Екатерина прикасается губами к кольцу, утопающему в толстой плоти.

— Ваше величество так добры!

Бросив взгляд на оплывшее круглое лицо короля с маленькими темными глазками, она гадает, куда же делся тот красивый мужчина, которого она видела в юности.

— Говорят, вы хорошо за ним ухаживали. Вы славитесь своим даром сиделки, а пожилой мужчина всегда нуждается в уходе. — И прежде чем Екатерина успевает ответить, король наклоняется к ее уху, обдавая ароматом серой амбры. — Хорошо, что вы вернулись ко двору. Вы привлекательны даже во вдовьем наряде!

Екатерина отчаянно краснеет и бормочет неловкие благодарности, тщетно пытаясь подобрать достойный ответ.

— А кто же это? — интересуется король, махнув рукой в сторону Маргариты, которая приседает в глубоком реверансе.

Екатерина с облегчением выдыхает.

— Это моя падчерица, Маргарита Невилл.

— Встаньте, девица, мы хотим вас как следует рассмотреть.

Маргарита поднимается. Руки у нее дрожат.

— Повернитесь, — требует король, осматривая ее, словно кобылу на аукционе, а потом неожиданно выкрикивает: — Бу!

Маргарита в ужасе отскакивает.

— Трепетное существо! — смеется король.

— Она не привыкла к обществу, ваше величество, — поясняет Екатерина.
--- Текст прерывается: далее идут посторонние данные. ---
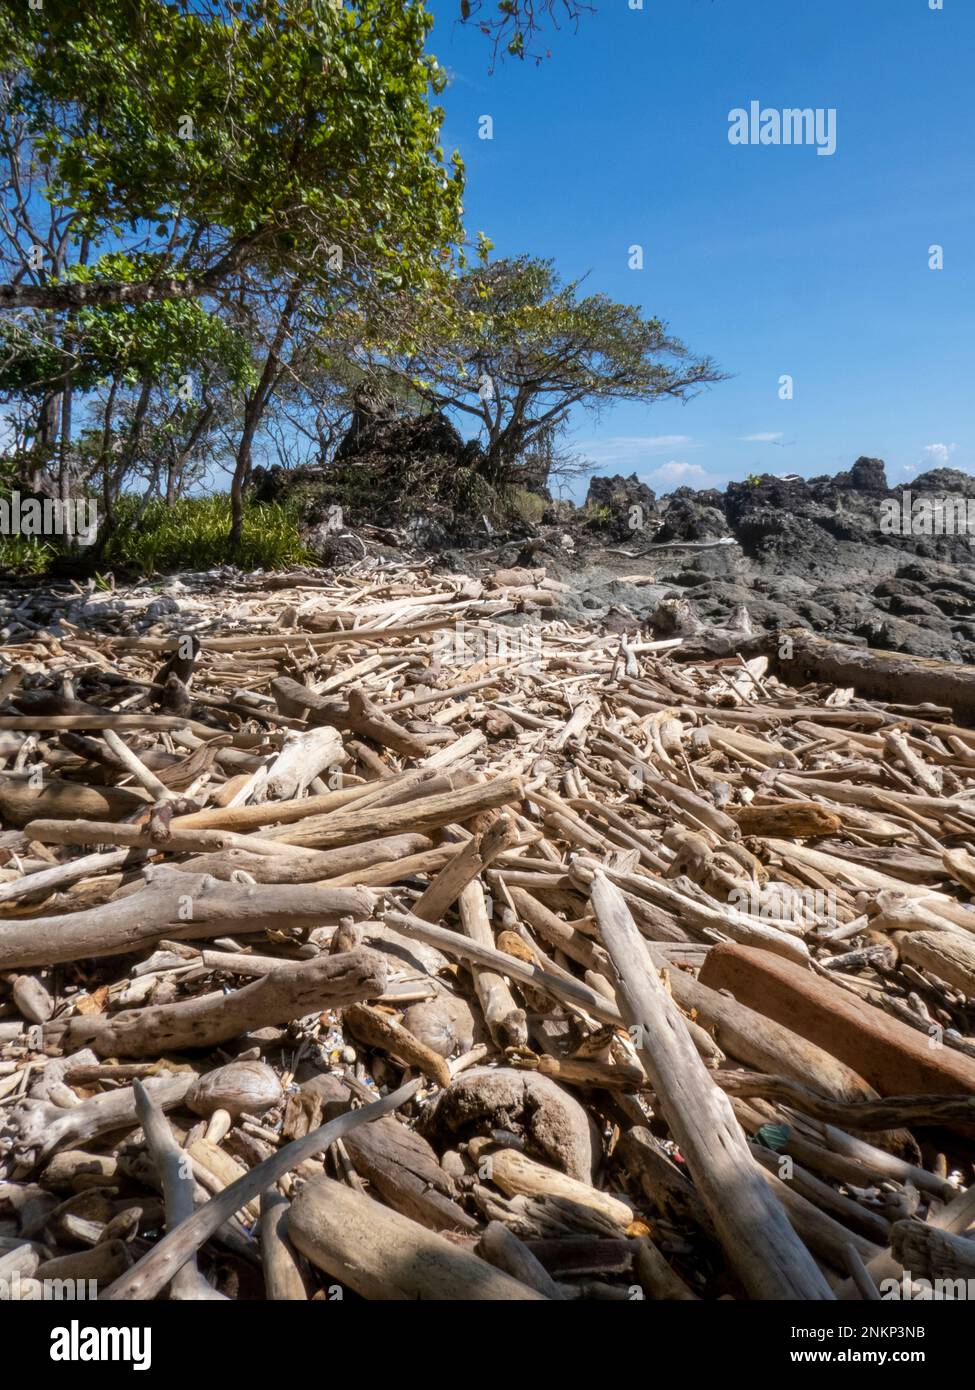 An der Küste in der Nähe von Montezuma in Costa Rica wurde viel trockenes Treibholz angespült Stockfoto
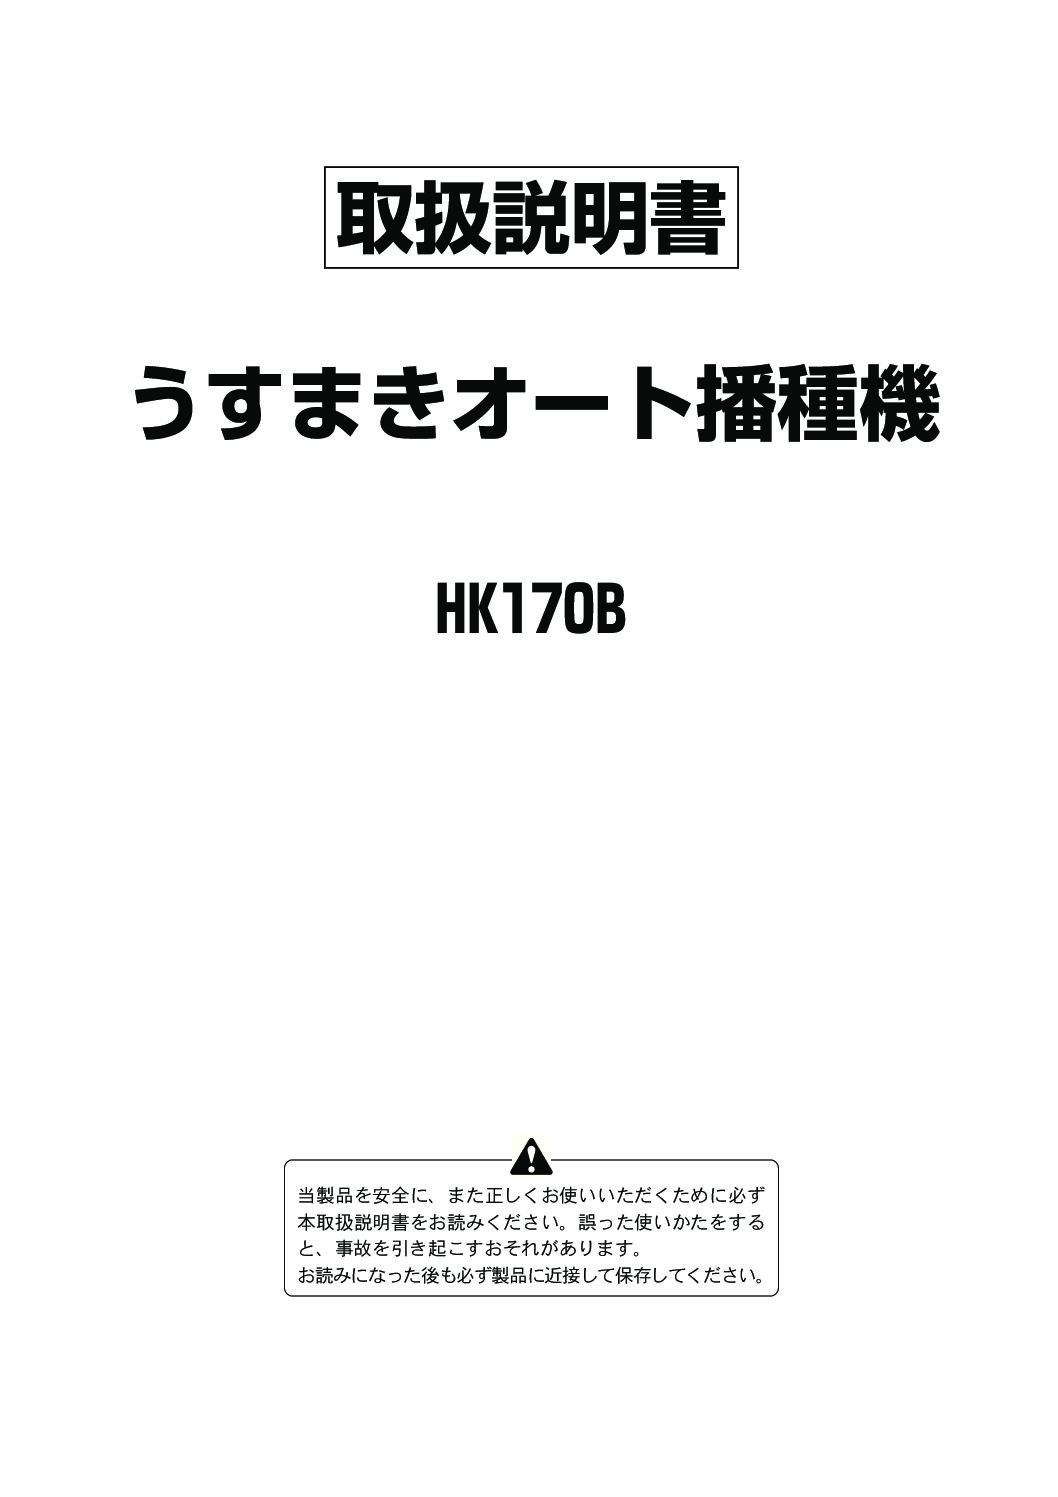 HK170B | 株式会社スズテック

— Нужен укротитель, — замечает король и обращается к Маргарите: — Ну как, нравится вам здесь кто-нибудь?

Мимо проходит Сеймур, и Маргарита невольно бросает взгляд в его сторону.

— А! Значит, вы имеете виды на Сеймура! — восклицает король. — Красивый малый, верно?

— Н-нет… — заикается Маргарита.

Екатерина больно пинает ее в лодыжку.

— Думаю, Маргарита имеет в виду, что Сеймуру не сравниться с вашим величеством, — поясняет она сладким голоском, сама поражаясь тому, как может так лгать.

— Однако его называют самым красивым мужчиной при дворе! — возражает король.

— Хм-м… — задумчиво тянет Екатерина, склонив голову набок. — Это вопрос вкуса. Некоторые предпочитают более зрелых кавалеров.

Король громко хохочет, а отсмеявшись, заявляет:

— Пожалуй, мы устроим брак между Маргаритой Невилл и Томасом Сеймуром. Женим моего шурина на вашей падчерице. Отличная пара!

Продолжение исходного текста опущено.